#### [Work instructions]
Exactly retype the lines below from the one containing "These VEGAN Pumpkin" through the end of the listing. Leave pictures out.

━━━ Data block

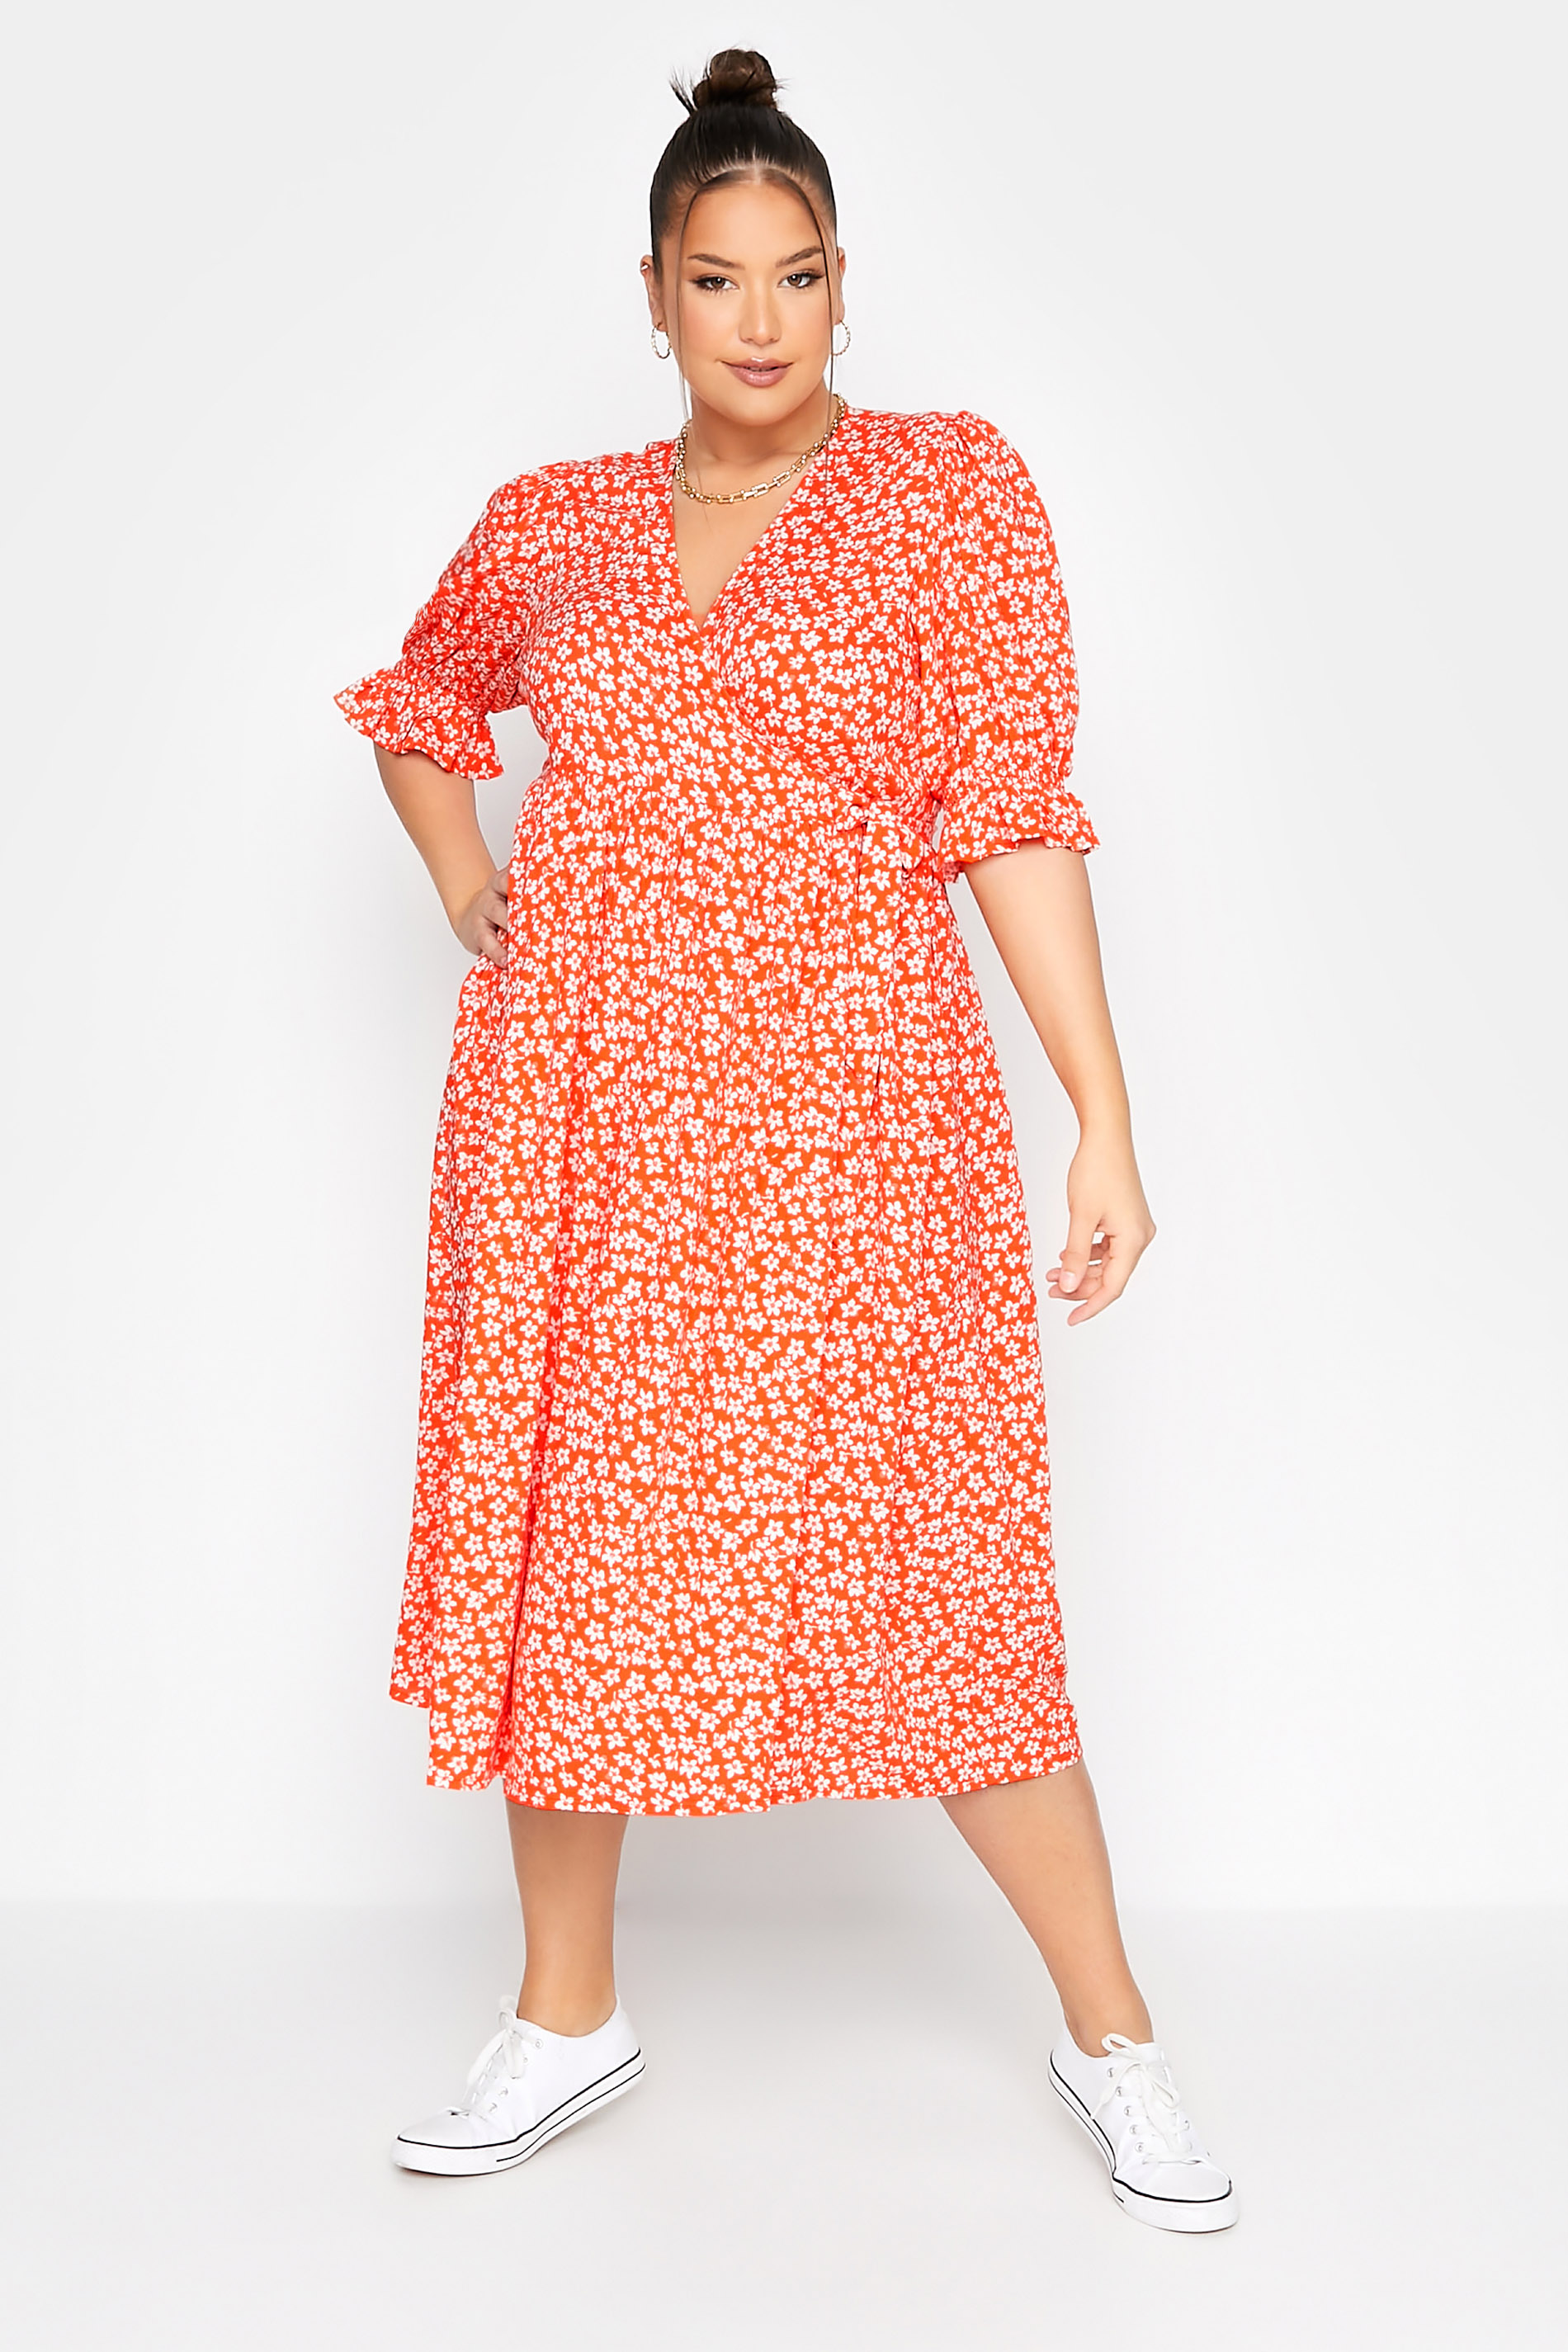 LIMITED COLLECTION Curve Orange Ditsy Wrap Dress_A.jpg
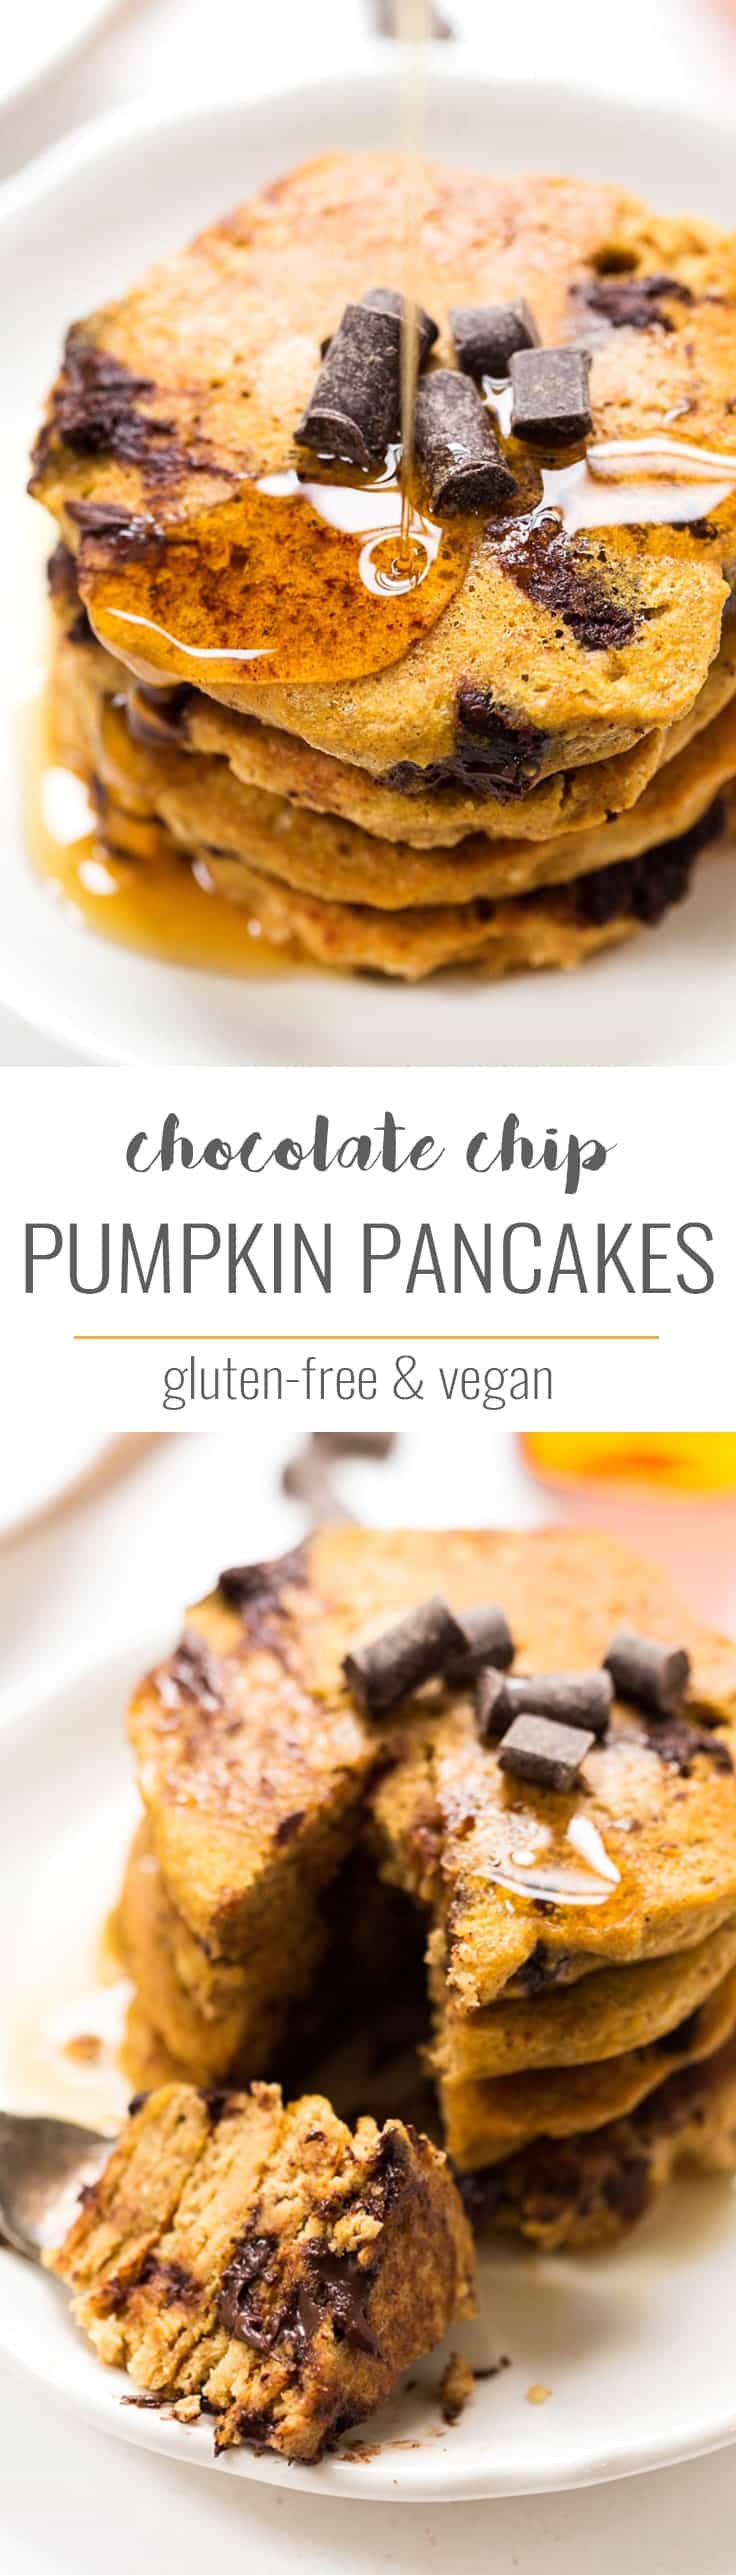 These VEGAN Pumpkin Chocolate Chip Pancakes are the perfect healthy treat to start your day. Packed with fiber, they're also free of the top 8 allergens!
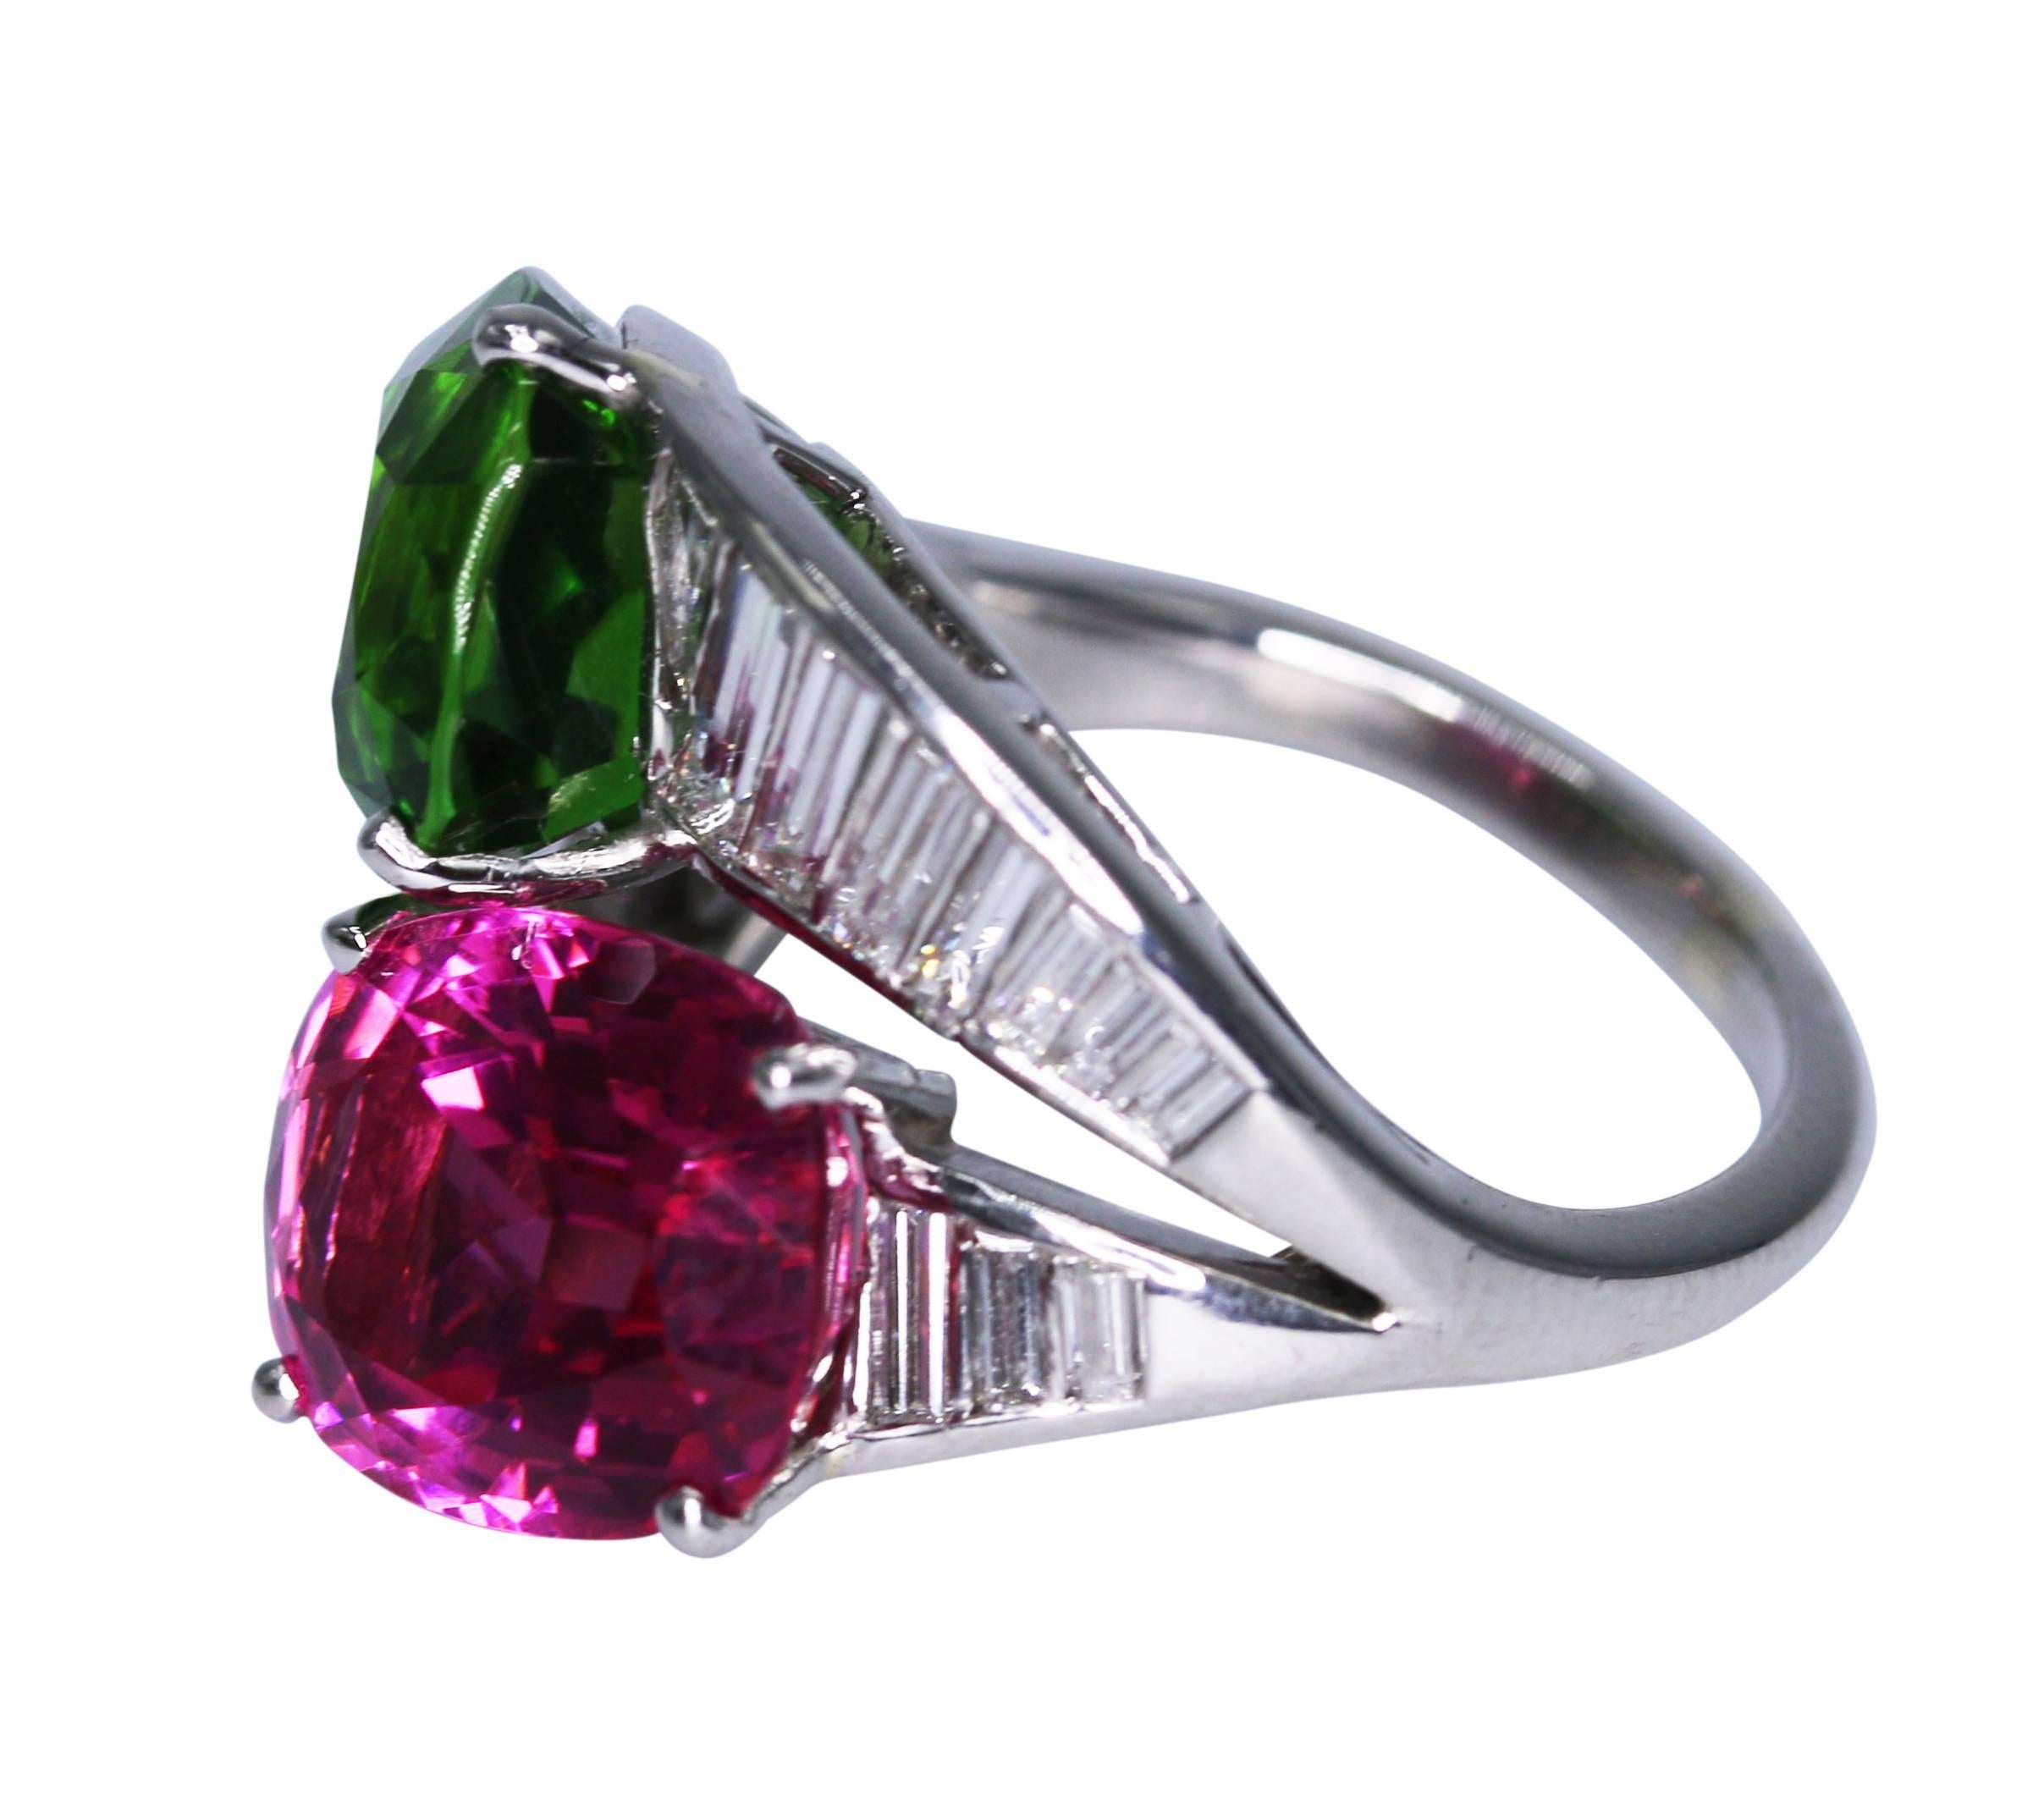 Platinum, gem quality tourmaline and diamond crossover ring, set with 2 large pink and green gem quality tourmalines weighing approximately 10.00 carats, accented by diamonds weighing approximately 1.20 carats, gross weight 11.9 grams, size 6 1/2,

━━━━━━

#### [Expected answer]
 These VEGAN Pumpkin Chocolate Chip Pancakes are the perfect healthy treat to start your day. Packed with fiber, they're also free of the top 8 allergens!
 Platinum, gem quality tourmaline and diamond crossover ring, set with 2 large pink and green gem quality tourmalines weighing approximately 10.00 carats, accented by diamonds weighing approximately 1.20 carats, gross weight 11.9 grams, size 6 1/2,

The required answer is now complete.